Developmental toxicity studies of DORAL in mice at doses
up to 400 times the human dose (15 mg) revealed no major drug-related
malformations. Minor fetal skeletal variations that occurred were delayed
ossification of the sternum, vertebrae, distal phalanges and supraoccipital
bones, at doses approximately 70 and 400 times the human dose. A developmental
toxicity study of DORAL in New Zealand rabbits at doses up to approximately 130
times the human dose demonstrated no effect on fetal morphology or development
DORAL and its metabolites are excreted in human milk.
Caution should be exercised when administering DORAL to a nursing woman.
Safety and effectiveness in pediatric patients have not
DORAL may cause confusion and over-sedation in the
elderly.
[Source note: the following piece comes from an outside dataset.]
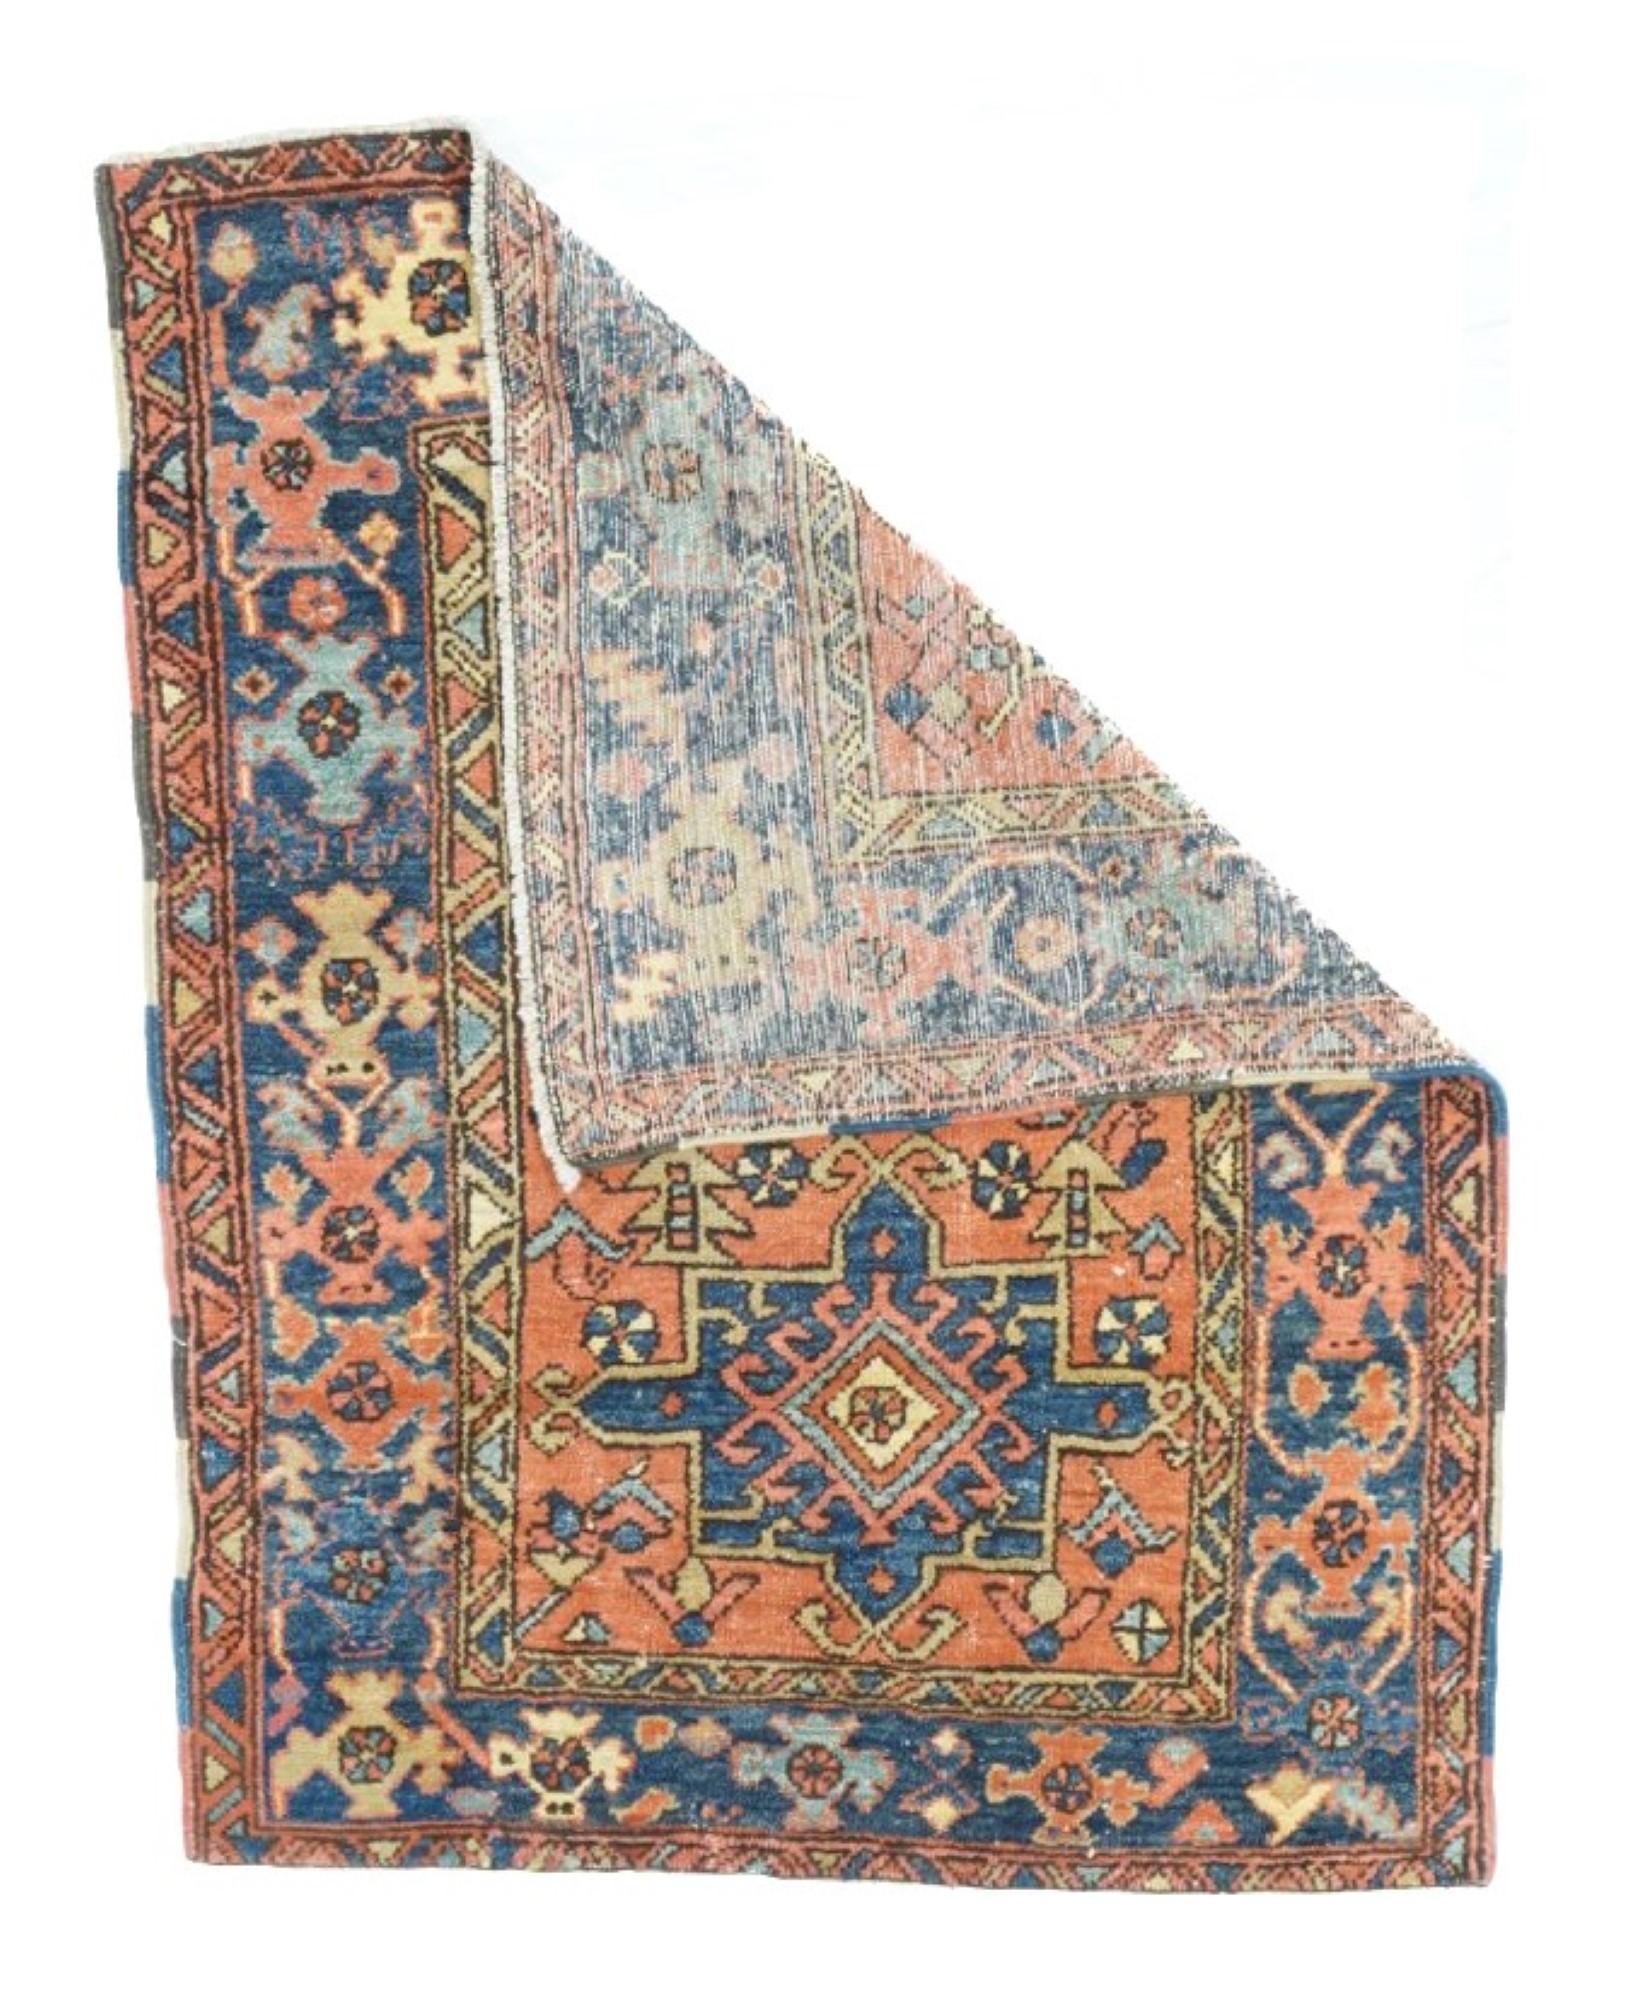 Antique Heriz Rug 3'3'' x 4'2''. Soft rust/terra cotta field with two royal blue Karaja-style octogrammes, and small flowers and geometric devices loosely scattered. Abrashed sapphire strip-style border with rough cross and turtle mixes. Cotton

Elderly patients generally should be started on a low dose of DORAL
and observed closely. Elderly and debilitated patients may be more sensitive to
benzodiazepines, reflecting the greater frequency of decreased hepatic, renal,
or cardiac function, and of concomitant disease or other drug therapy. A
double-blind controlled sleep laboratory study (N=30) compared the effects of
DORAL 7.5 mg and 15 mg to that of placebo over a period of 7 days. Both the 7.5
mg and 15 mg doses appeared to be well tolerated. Caution must be used in interpreting
this data due to the small size of the study.